### EXERCISE
All of the lines below need to be copied exactly, apart from the pictures.
--- INPUT DATA Enclosed Below ---
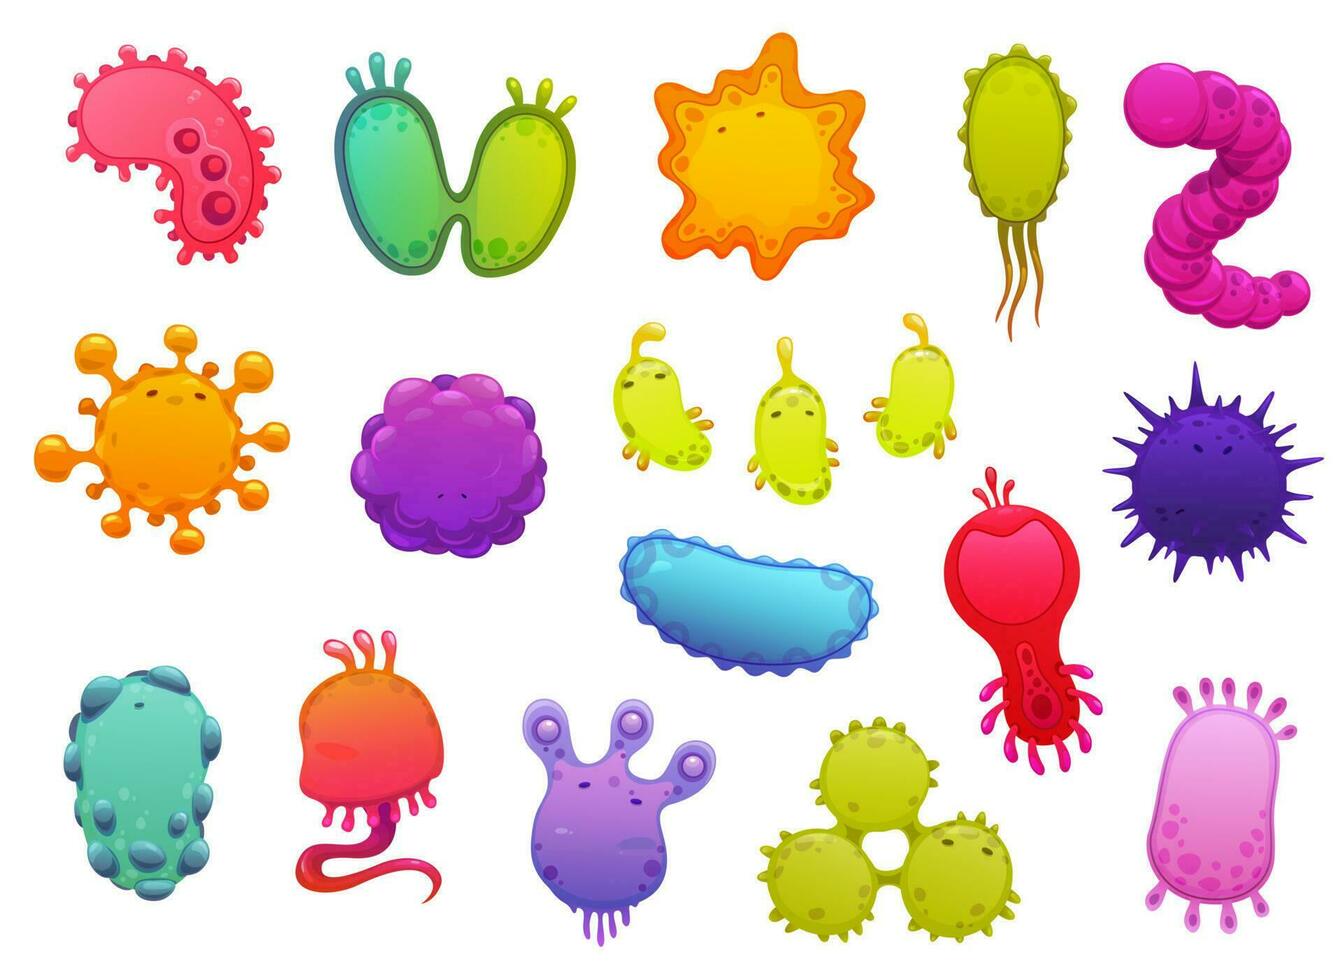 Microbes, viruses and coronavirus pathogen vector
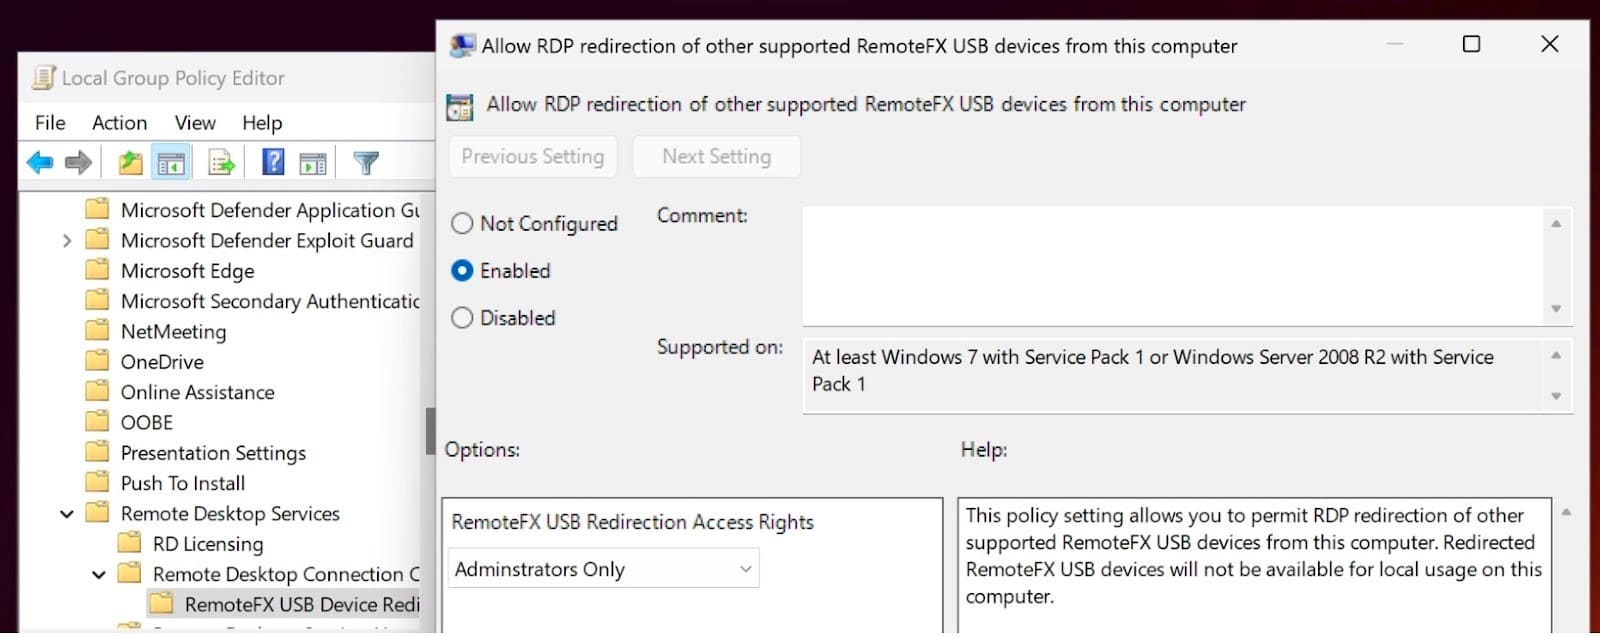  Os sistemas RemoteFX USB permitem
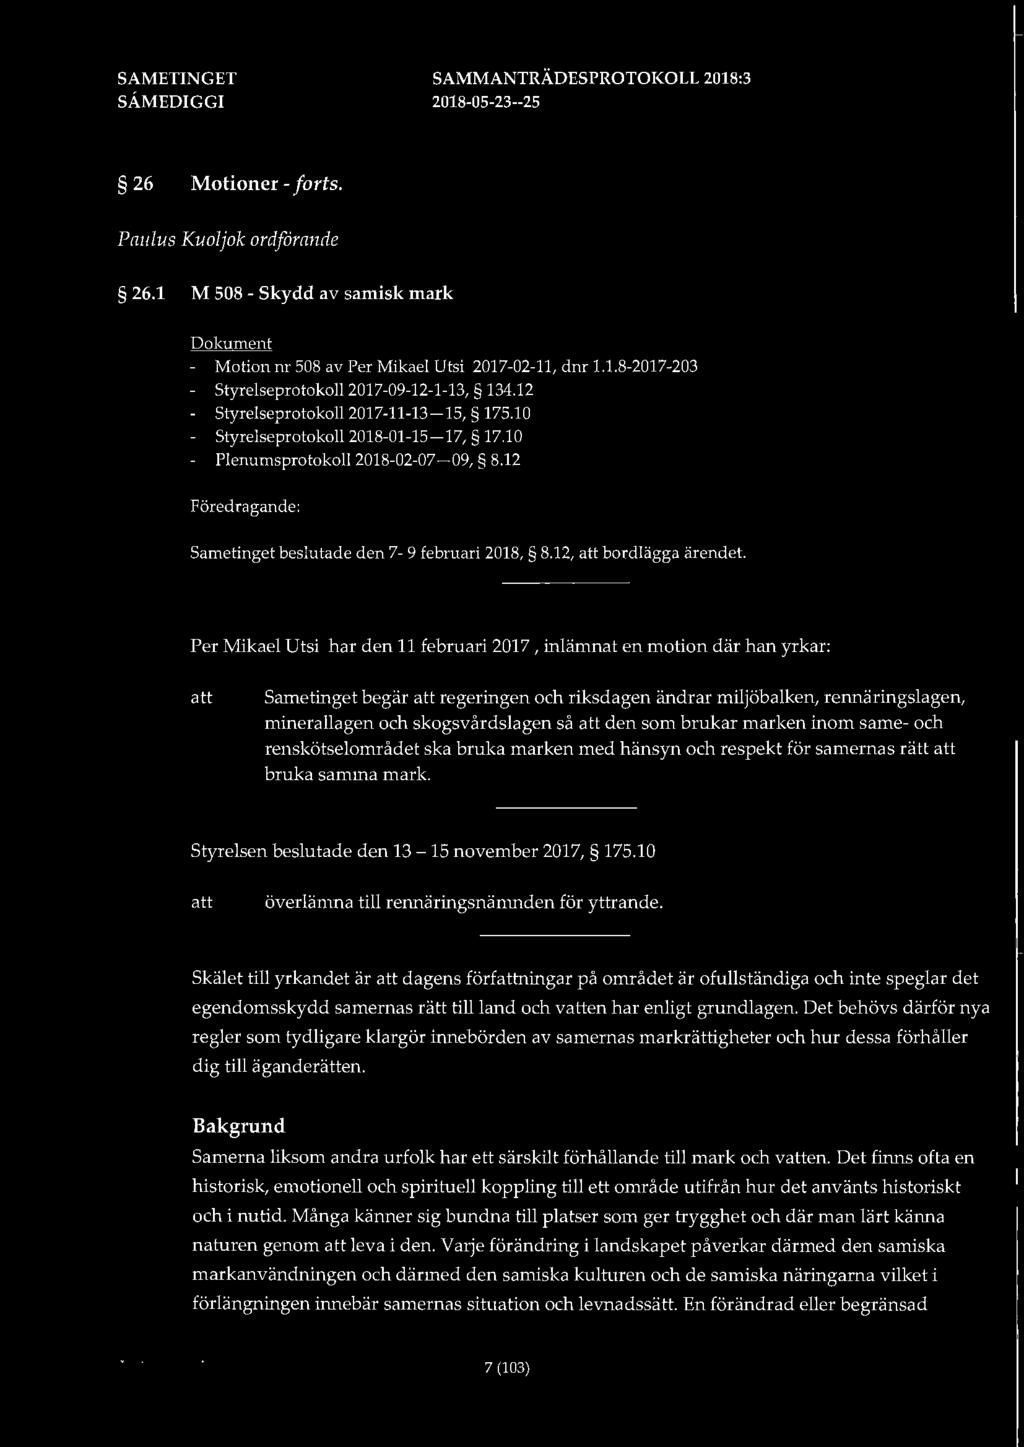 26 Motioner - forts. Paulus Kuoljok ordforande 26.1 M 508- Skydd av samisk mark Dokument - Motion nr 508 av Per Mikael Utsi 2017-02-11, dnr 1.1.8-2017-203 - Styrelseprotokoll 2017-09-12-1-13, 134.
--- End of Enclosed INPUT DATA ---
### PROBLEM SOLUTION
 Microbes, viruses and coronavirus pathogen vector
  Os sistemas RemoteFX USB permitem
 26 Motioner - forts. Paulus Kuoljok ordforande 26.1 M 508- Skydd av samisk mark Dokument - Motion nr 508 av Per Mikael Utsi 2017-02-11, dnr 1.1.8-2017-203 - Styrelseprotokoll 2017-09-12-1-13, 134.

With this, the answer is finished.